La meilleure manière de contrecarrer ces pertes dans le processus d’investissement spécifique aux « Daubasses », tel que nous expliquions sur notre blog au début de l’aventure, c’est la diversification. Nous nous sommes fixés comme règle de base de ne jamais investir plus de 3.33% de la valeur totale du portefeuille sur une seule société. C’est d’ailleurs pour cette raison qu’au lancement du portefeuille, le 24 novembre 2008, nous étions  investis sur 30 sociétés. Nous avons continué de suivre scrupuleusement cette règle tout au long de ces 38 mois.

Nous partions du postulat que si nous nous étions complètement trompés sur une société et qu’elle faisait faillite, notre perte maximum serait de 3.33% de la valeur totale du portefeuille. D’autre part, si une société multipliait son cours par 3, cette société pourrait donc compenser 2 faillites. Si nous reprenons nos 30 sociétés de départ et que nous envisagions le pire, 10 sociétés qui multipliaient leur cours par trois, pouvaient annuler la faillite de 20 sociétés. En d’autres mots, même si nous n’avions raison qu’une fois sur trois, nous restions à l’équilibre.
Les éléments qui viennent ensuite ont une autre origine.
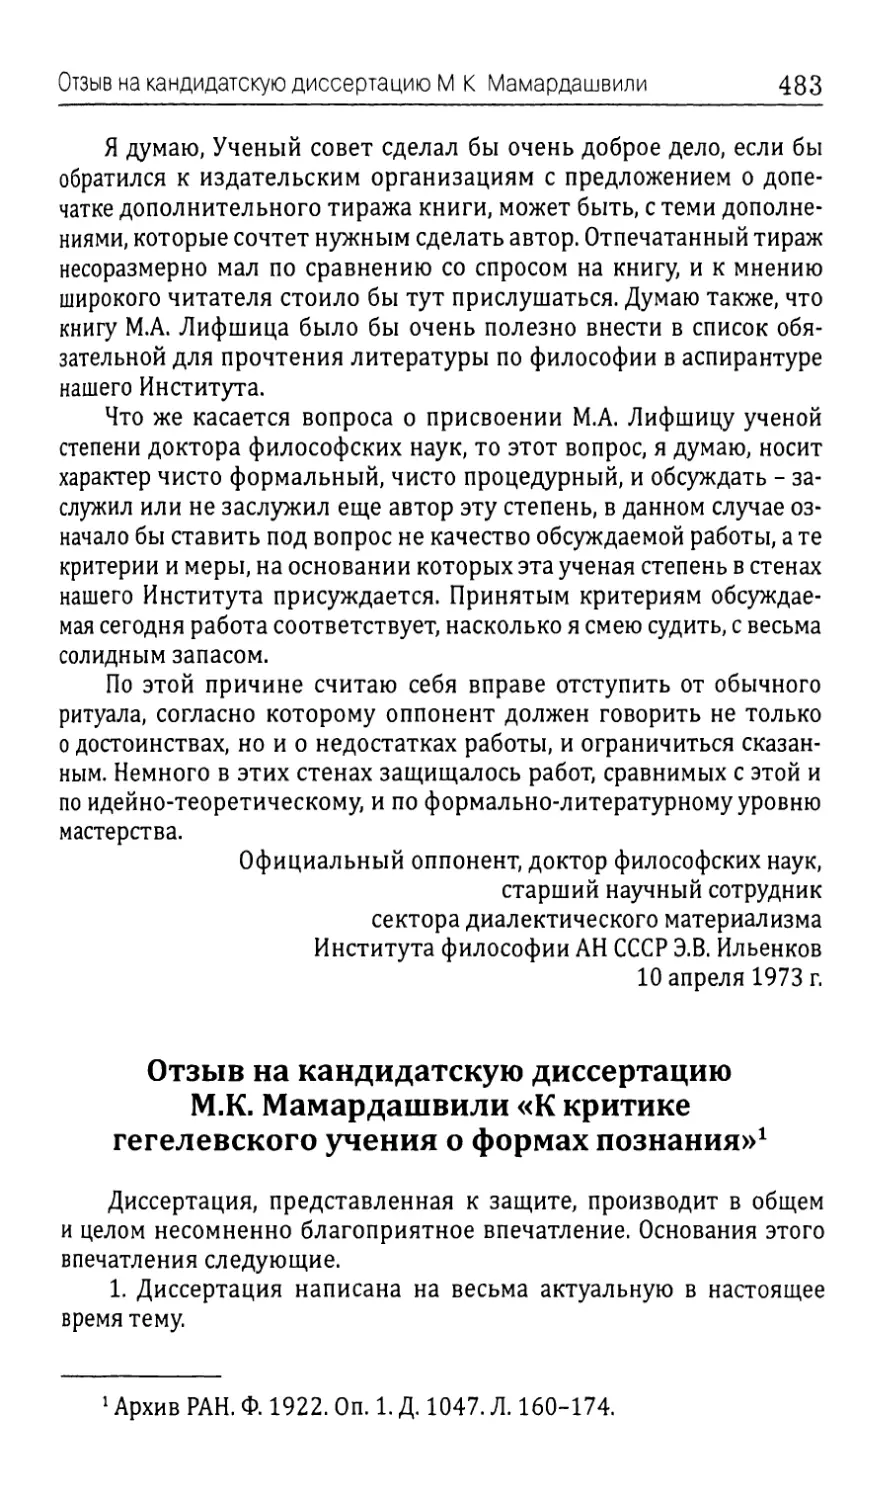 Отзыв на кандидатскую диссертацию М.К. Мамардашвили «К критике гегелевского учения о формах познания»

Et le pire était bien entendu que la valeur des 20 société sur lesquelles nous nous serions trompés tomberait à 0.

Comme vous allez pouvoir le constater dans le tableau récapitulatif des pertes, classées de la plus importante à la moins importante, nous n’enregistrons aucune faillite.

 

La perte la plus importante à ce jour a été enregistrée par T-Bay Holding et ses -88%, une « casserole » bien remplie !  Et gardons en mémoire que ces 19 sociétés lorsque nous les avons achetées remplissaient toutes les critères de sélection d’une daubasse tant sur le plan de la marge de sécurité sur l’actif que du point de vue de la solvabilité.

Comprenons maintenant le sens de la diversification à l’aide de ce tableau des pertes du portefeuille « Daubasses ». Si par hasard, vous aviez décidé d’investir sur seulement 5 sociétés en vous disant que, de toute manière, elles correspondaient à tous les critères et que vous étiez « tombé » sur les 5 premières classées du tableau des pertes ci-dessus … Et bien, cher(e) lecteur(trice) vous auriez perdu 71% de la valeur de votre mini portefeuille. Autant dire une vraie catastrophe !
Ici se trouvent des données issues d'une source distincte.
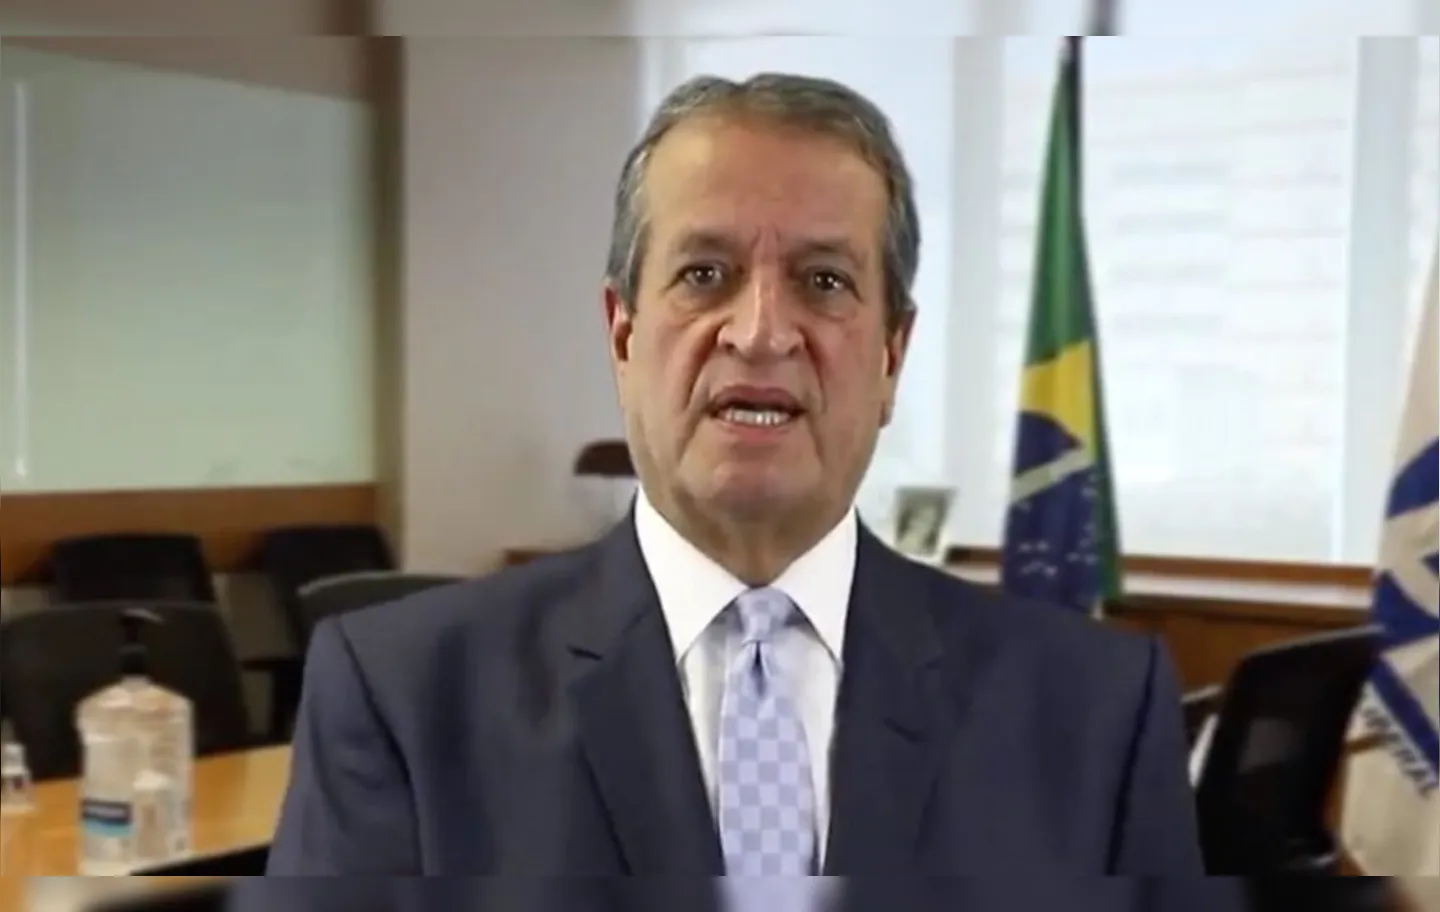 "O próprio Bolsonaro foi eleito presidente do Brasil, com mais 53 deputados federais. Como reclamar da urna eletrônica?", questiona o president nacional do PL

Mais notre tableau nous enseigne aussi autre chose :  si, par hasard, vous aviez décidé d’investir sur les 19 Daubasses qui ont occasionnées des pertes, vous auriez perdu -43.23%.

Nous pouvons donc conclure qu’à malchance égale, le fait de n’avoir choisi que des perdants, en diversifiant, c’est-à-dire en choisissant d’investir sur 19 sociétés au lieu de 5 sociétés, vous auriez pu réduire votre perte de 39%. Et nous trouvons ce constat plutôt rassurant.

Bien entendu, ce n’est pas avec des perdants que l’on bâtit la performance d’un portefeuille dans le style Daubasses. Les pertes font seulement partie de l’investissement et le style « Value » que nous décrivons sur ce blog  n’y échappe pas.

Pour dégager de la performance dans un portefeuille « Daubasses », il faut obligatoirement parvenir a remplir les deux points suivants.

1° Avoir un nombre de gagnants nettement plus important que le nombre de perdant

2° Générer un gain moyen nettement plus élevé que la perte moyenne

Le bilan actuel du portefeuille Daubasses, c’est 36 gagnants contre 19 perdants. Le rapport est donc de presque 2 : 1

Le gain moyen des gagnants est de 1899.80 euros contre -607.23 euros de perte moyenne. Le rapport est d’un peu plus de 3 : 1

En fait si l’on reprend le prix payé à l’achat de ces 36 gagnants et que l’on reprend leur prix encaissé à la vente, on constate que le prix d’achat a été multiplié par 3,11.

Vous pouvez découvrir les différents détails des 36 gagnants dans les deux tableaux suivant.

 

 

 

En conclusion, si vous n’arrivez pas à vous faire à l’idée que la méthode « Value » selon Benjamin Graham, va générer des pertes, ce n’est pas la peine de vous y intéresser.

Si vous n’êtes pas conscient, qu’avec une sélection répondant entièrement aux critères « value » les plus stricts, bonifiée par une analyse pointilleuse que la diversification est nécessaire pour contrebalancer les pertes, vous augmentez le risque de ne pas parvenir à un résultat satisfaisant.